Like I know, Christina, you’re from California, and you talked about investing all of your money? Or the profits that you made into Utah?

Audience
Do you have plans for investing outside in a different city perhaps?

Christina Woo
I have investments in Idaho as well through the Fourplex Investment Group as well as investments in other states through other vehicles.

But to say I have all this tied up in Utah. Well, that’s true. I have properties, though, in Harriman, and American Fork, in Eagle Mountain. And these are all very different areas, different dynamics within the great state of Utah. So I actually feel very diversified. still taking advantage, like, when I first met my husband, I would say go big or go home, like he would want to buy, you know, 10 shares of stock.

And I’m thinking, it’s not even worth the transaction fee. Like, you know, if you’ve done the work, and you feel really good about an investment thesis, put some real money behind it, none of these 10 share stuff. So I feel like I did a lot of the work in Utah, really like it.

But I still have the diversification of being present in different locations and submarkets within Utah. And that gives me comfort while still feeling like, I’m going to do well with my investments.

Dave Allred
That’s a great answer. I think so I started out only in Utah. And I think Utah’s economics look phenomenal. I think that I mean, every data point right now and you talk to us, you look really, really strong. So I don’t have any concerns with only being in Utah. However, you know, my recent acquisitions are in radian and Texas. And so I did want to expand a little bit out of Utah.

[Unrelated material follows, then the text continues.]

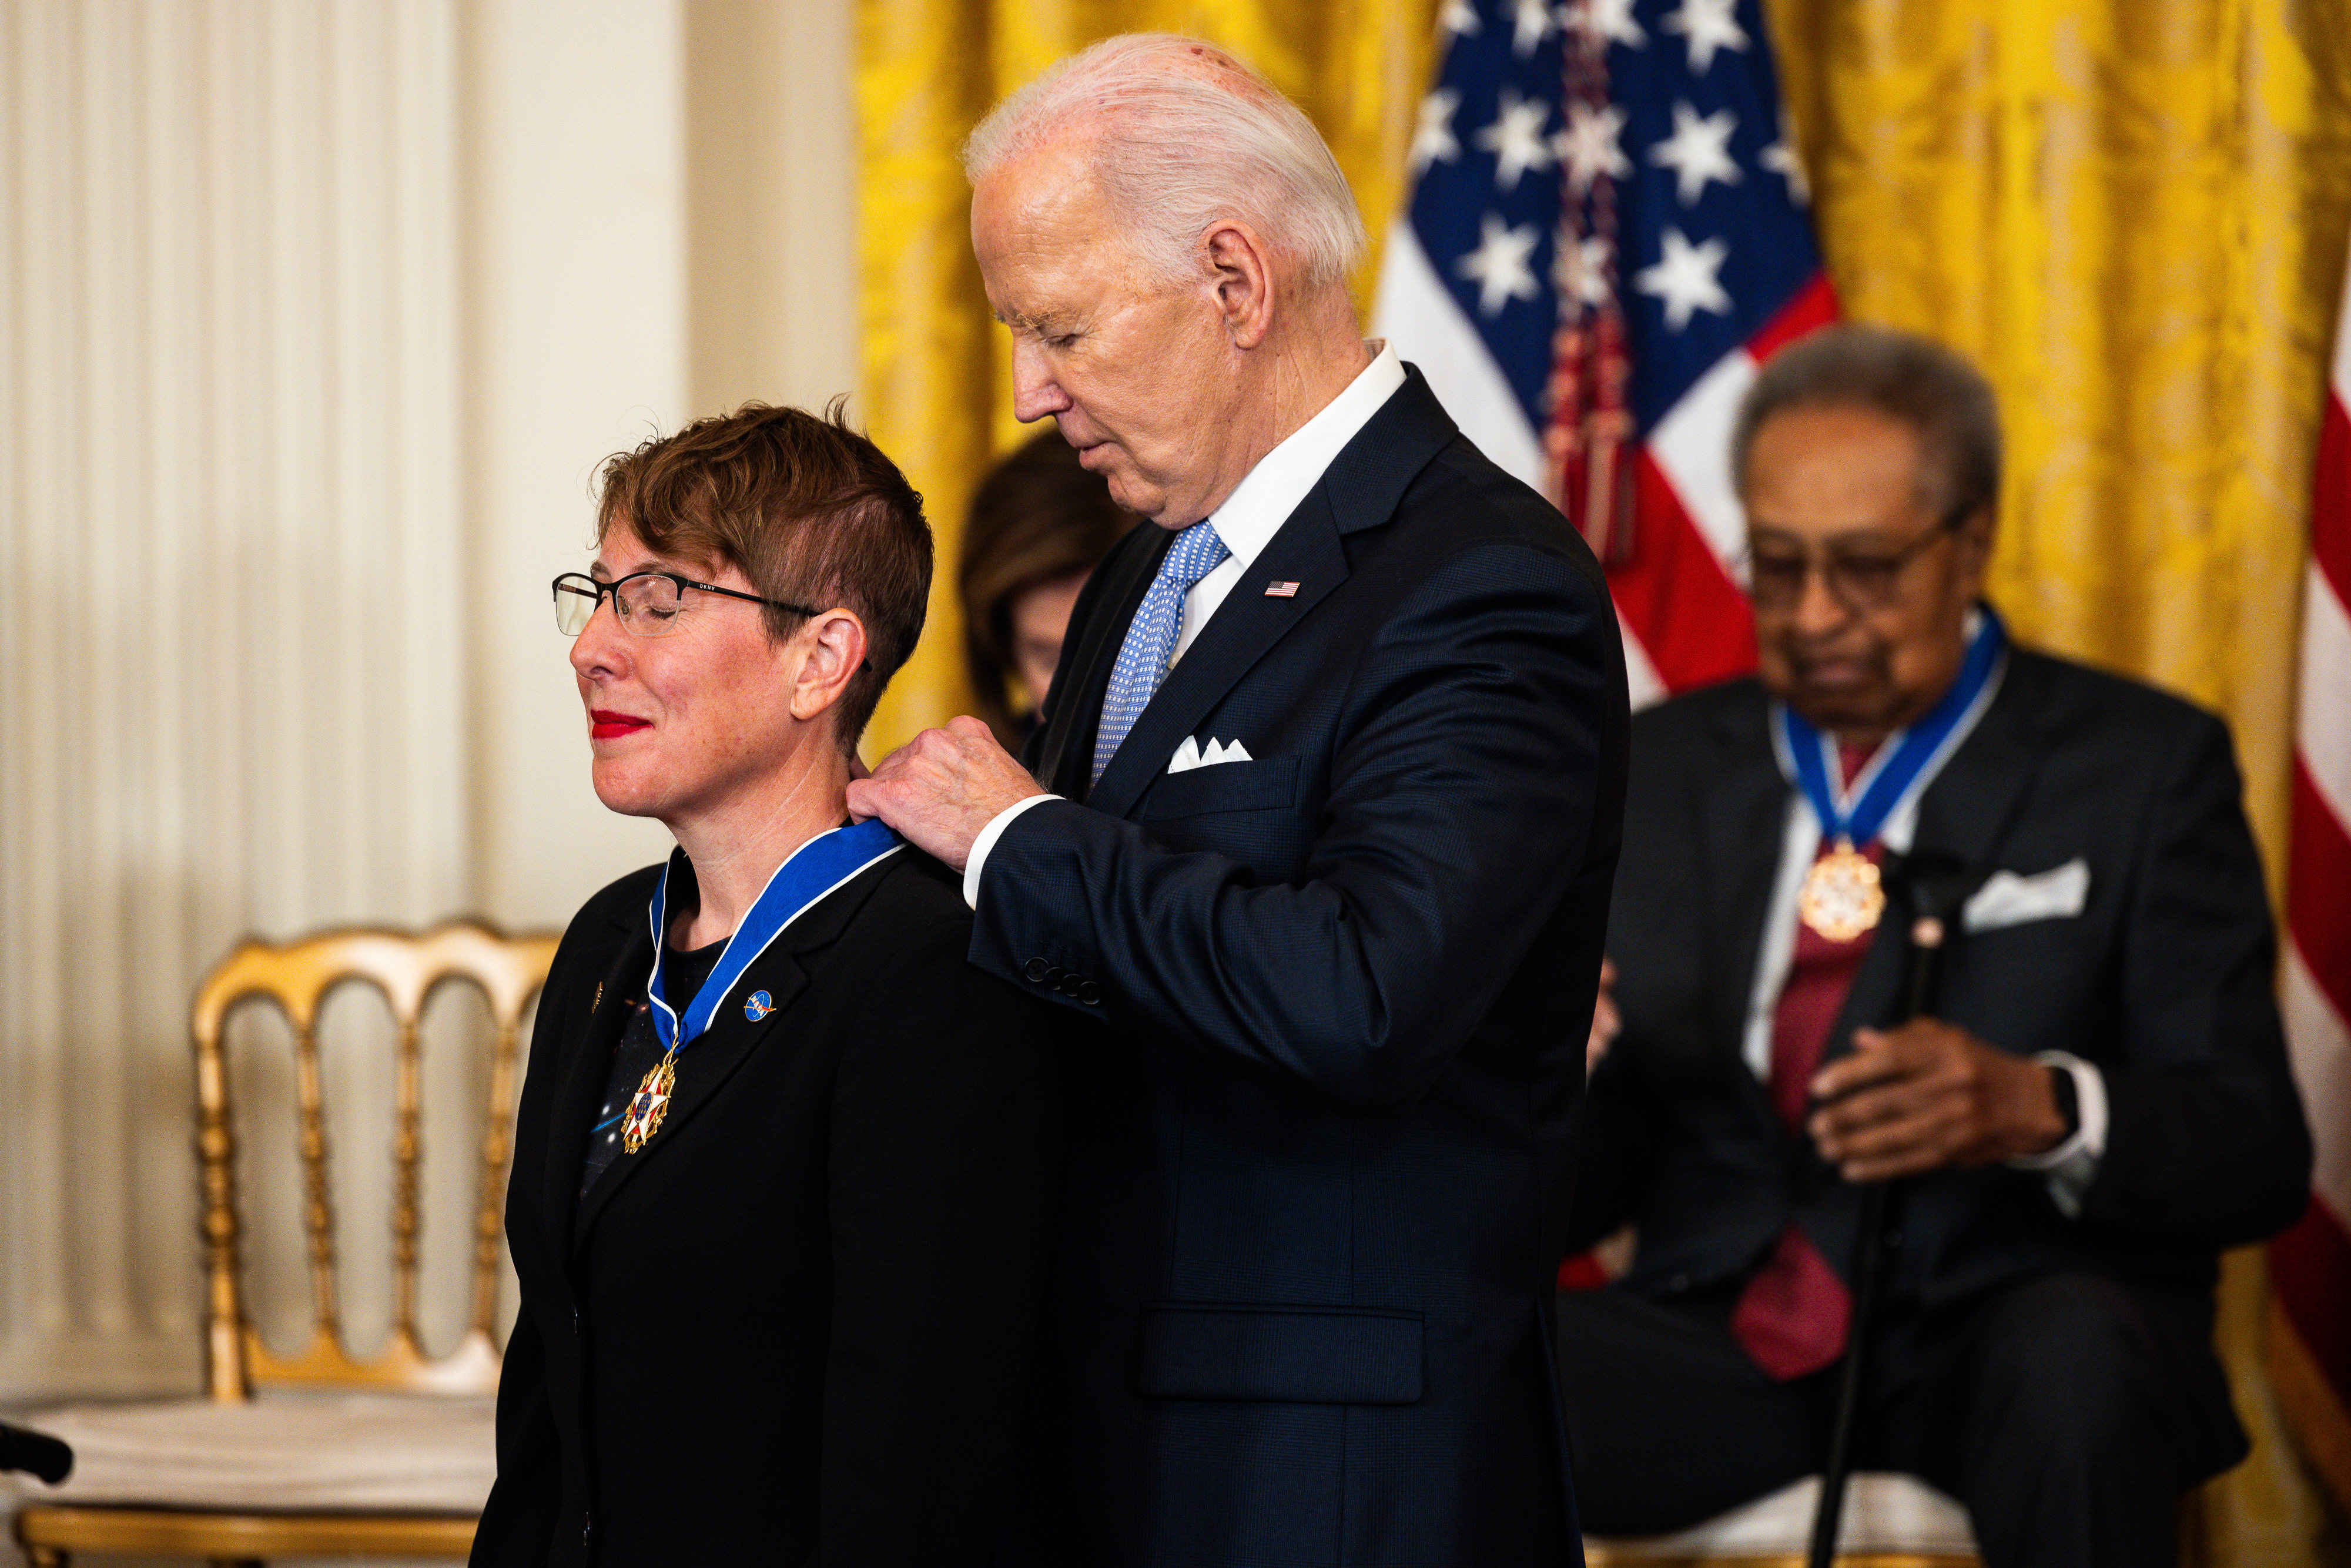 una mujer que lleva un pin de la NASA sonríe con lápiz labial rojo mientras un anciano con traje detrás de ella le pone el collar de una medalla que cuelga alrededor de su cuello.

I think that I’ve also lived in in the Bay Area for two years, just a few years back and in Colorado, and I see a lot of investor capital coming into the state of Utah, which is an indicator of where, you know, people in California want to invest here. Because of why because the economics are better, returns are better substantially. And so I think it goes back to the point of just research the general that macroeconomics of the market, the state and but I don’t think there’s actually a right or wrong, I think it just comes back to your personal preference. And a lot of people like to be more involved. And to be able to walk the property and to be able to, you know, drive by it and see it. Originally I was thinking as more minds my mindset. Now I have enough trust in Korea and the property management side of FIG that I feel like that can be pretty hands-off and expand outside of Utah.